Xcelium is Cadence's third-generation logic simulator, replacing the previous generation incisive’s ncsim. Xcelium commands just replace nc in ncsim with x or xm, and the encryption command changes from ncprotect to xmprotect. You can see related options by using xmprotect -help.

Options you might use include:

  • -outdir: The folder where the command outputs, and if the folder doesn't exist, the output will be in the execution location
  • -language: Choose between vhdl or vlog
  • -extension: Not very useful, it allows you to change the output from source.svp to source.svp.pppp
  • -ifileprotect: Encrypt parts of file content using pragma protect begin/end
  • -level1autoprotect: Equivalent to VCS's auto2protect, retaining the interface
  • -noprotdef: Don't encrypt ifdef endif define blocks
  • -overwrite: Overwrite existing encrypted files

Xcelium Automatic Encryption

With options, there are the following encryption methods:

  • xmprotect dut.sv: Use the fixed 256-bit AES key CDS_DATA_KEY to encrypt the code.
  • xmprotect -autoprotect dut.sv: Encrypts the AES key with CDS_RSA_KEY_VER_2 using asymmetric key, and the output format is Xcelium instead of IEEE1735 format.

Encrypted files can only be used to run simulations on Xcelium, not for synthesis or other purposes; the content of encrypted files will not appear in waveform files, and level1autoprotect files will only show the interface.

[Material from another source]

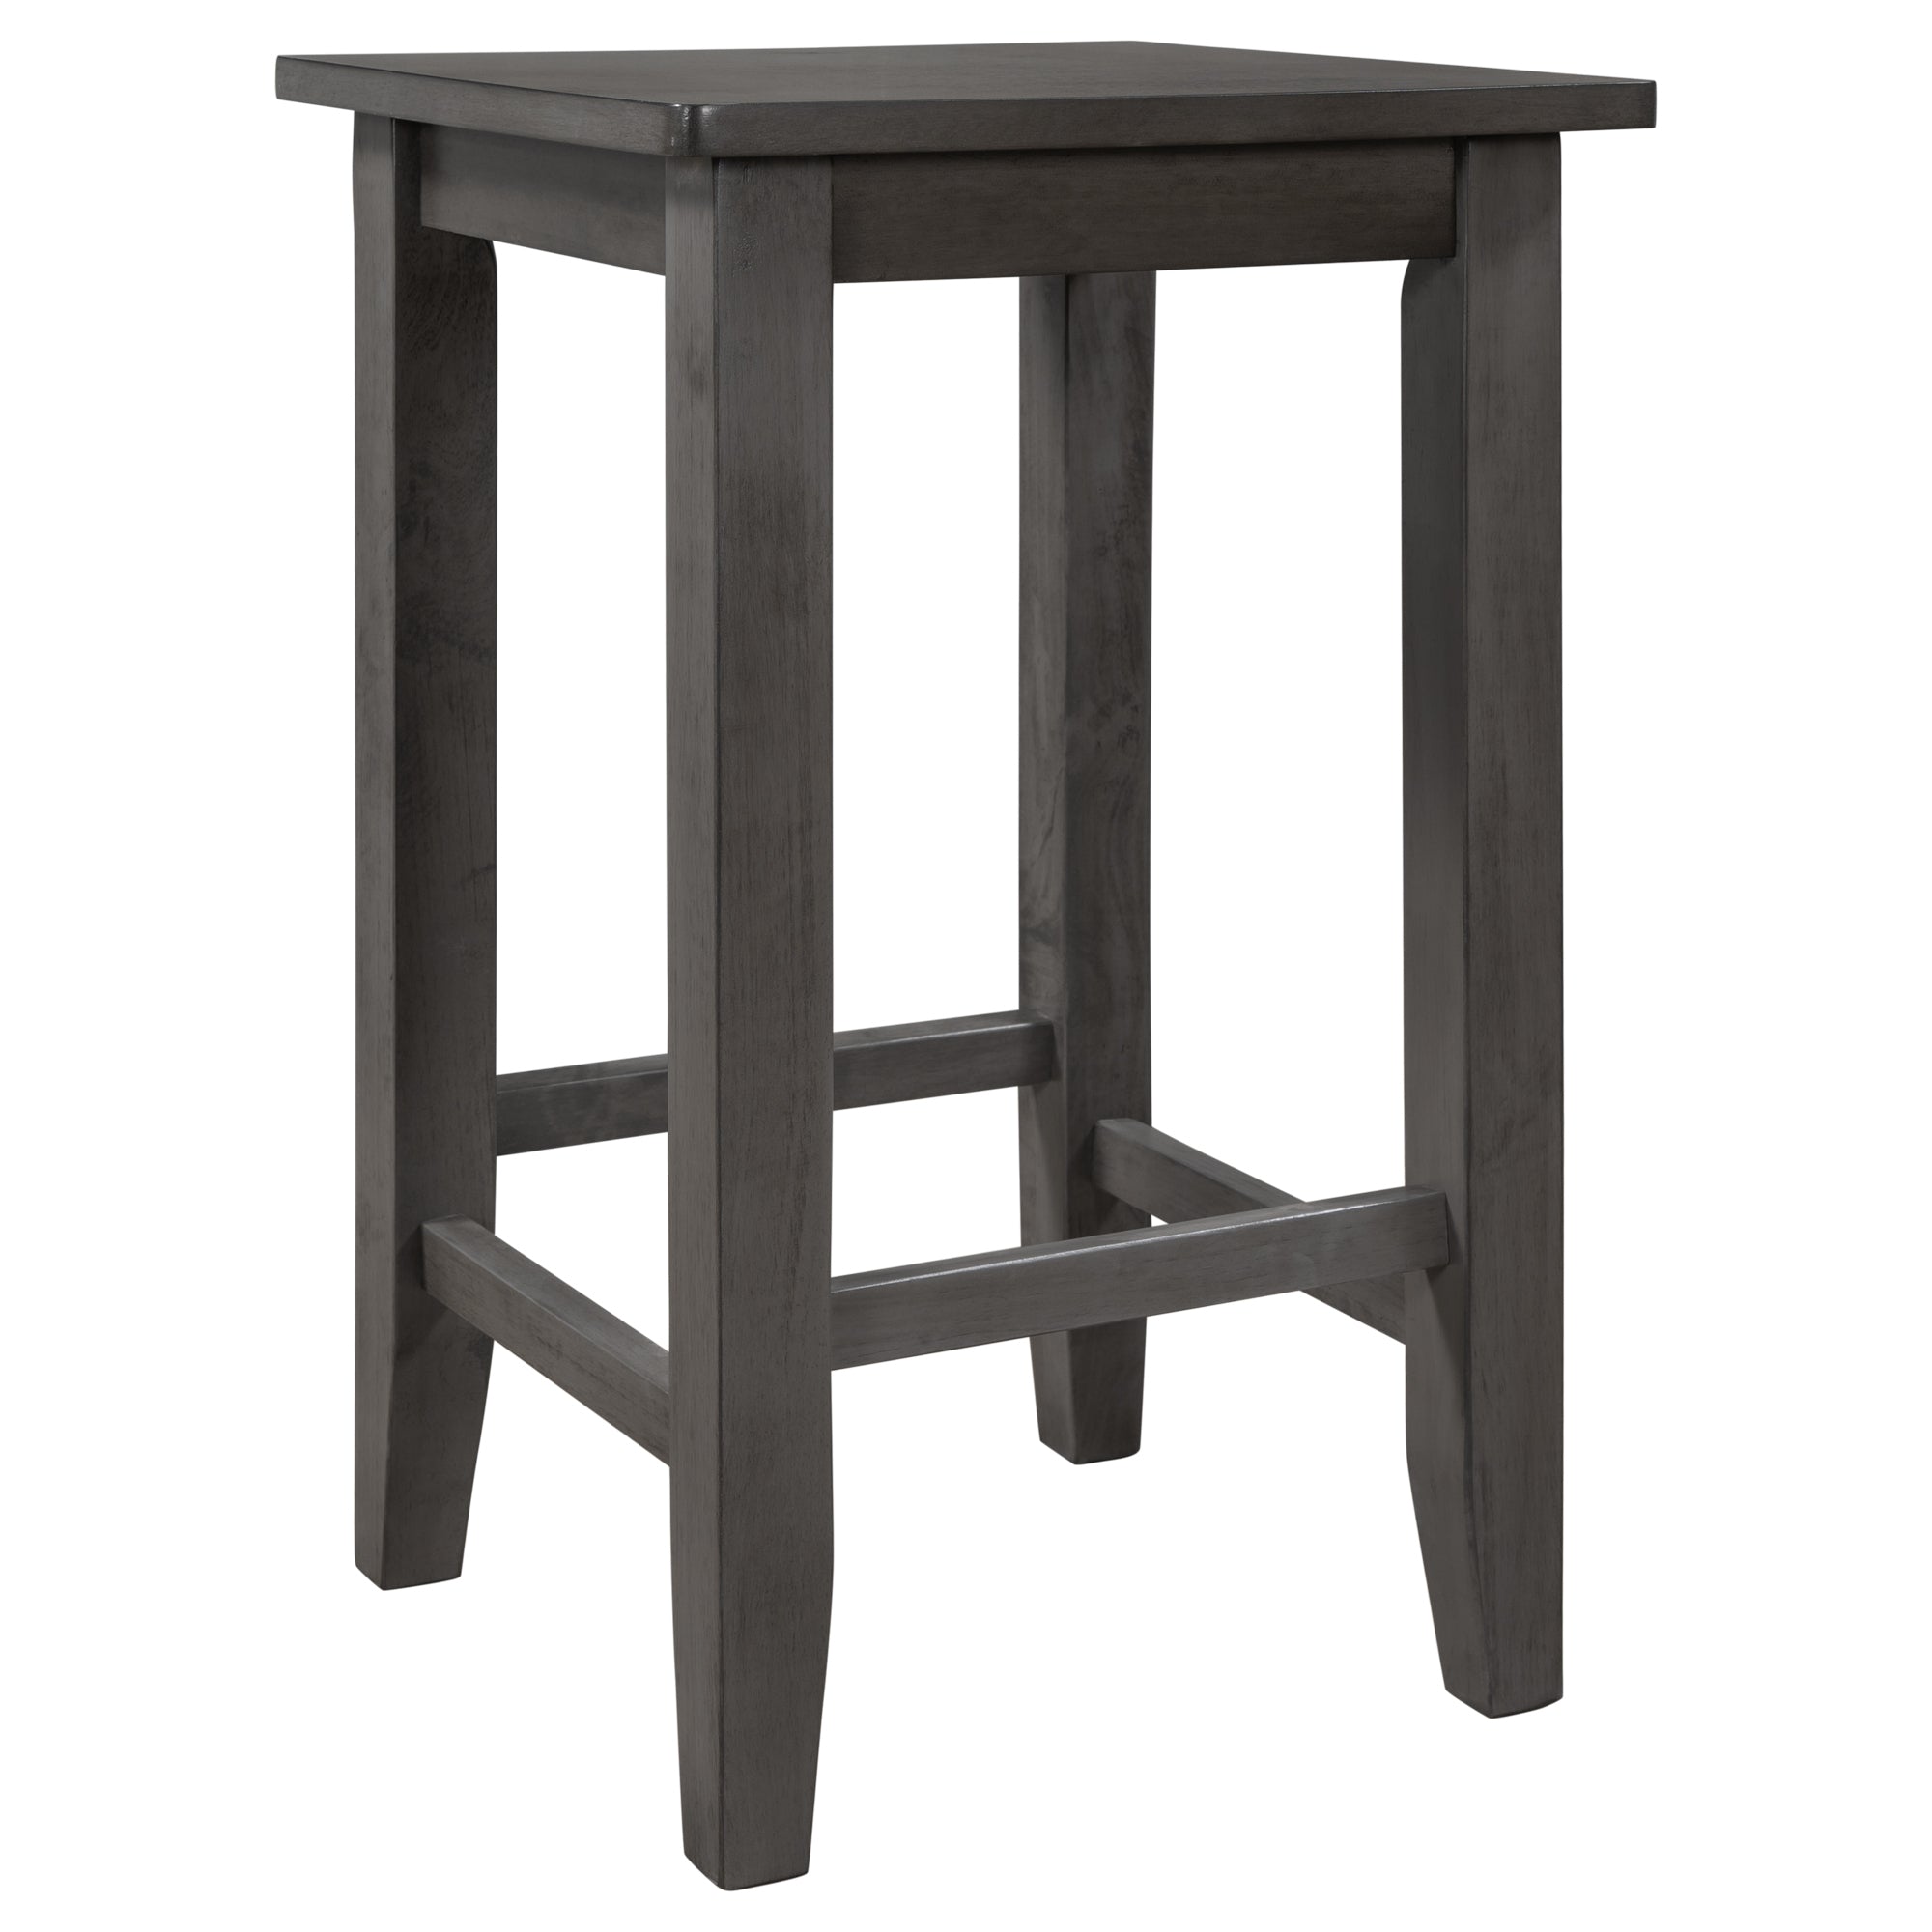 TOPMAX Country Farmhouse Counter Height Wood Set of 4 with 3 Stools and Storage Rack (Grey)

Xcelium IEEE1735 Encrypted Cadence Key

Automatic encryption can use the option

  • -v2_ip1735 Use the second edition of the IEEE1735 standard
  • -v3_ip1735 Use the third edition of the IEEE1735 standard

This will use CDS_RSA_KEY_VER_2 to encrypt the AES key and output in a format compliant with IEEE1735. I recommend using the third edition when delivering to others, as HMAC is more secure than SHA2 for rights management.

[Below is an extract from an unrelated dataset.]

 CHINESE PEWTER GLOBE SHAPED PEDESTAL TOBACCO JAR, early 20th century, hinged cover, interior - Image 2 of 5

Xcelium IEEE1735 Encrypting with Own Key

Not using the CDS_RSA_KEY_VER_2 key, you can use a self-generated asymmetric key. The key used by Xcelium is in DER format, and although Xcelium provides key generation functionality, I personally suggest using openssh to generate keys, as openssh is more widely used and its generation functionality has been reviewed by more people.

If you dare to use Xcelium to generate keys, the command is:

xmprotect -over -rsakeygenerate -keylength 2048 -keyname rsakey -seed "It's MYGO!!!!!"

It will generate rsakey.pub and rsakey.prv.

A more formal method is to use openssh to generate a key pair:

ssh-keygen -m PEM -t rsa -b 2048 -f ./rsakey
openssl rsa -in ./rsakey -out rsakey.prv -outform DER
openssl rsa -in ./rsakey -out rsakey.pub -outform DER -pubout

Or directly generate a DER format private key with openssl genpkey

openssl genpkey -algorithm RSA -pkeyopt rsa_keygen_bits:2048 -outform DER -out rsakey
cp rsakey rsakey.prv
openssl rsa -in ./rsakey -out rsakey.pub -outform DER -pubout

Whether it’s ssh-keygen or openssl genpkey, unlike xmprotect, these do not use a fixed seed and produce different results each time they are executed. In a way, this is a testament to ssh-keygen/openssl being better than xmprotect.

After generating the keys, first write an encryption parameter file enc.param, version can be 2/3, and data_method allows different security strengths.

version = 2
encrypt_agent = "Crychip"
encrypt_agent_info = "Test Encryption"

key_keyowner = keydb
key_method = rsa
key_keyname = rsakey.pub

data_method = "aes128-cbc"

When encrypting, Xcelium will look for the specified key_keyowner/key_keyname in the environment variable XMPROTECT_KEYDB, so:

  1. Place the generated rsakey.pub and rsakey.prv under the keydb folder
  2. Set the environment variable `setenv XMPROTECT_KEYDB `pwd` `
  3. During encryption, add -parameter to use the custom enc.param file for encryption
xmprotect -outdir encrypted -parameter enc.param -over -fcreate src/dut.sv
  1. When delivering, send the rsakey.prv along with the encrypted files to the recipient. The recipient should also place rsakey.prv under the keydb folder to decrypt it.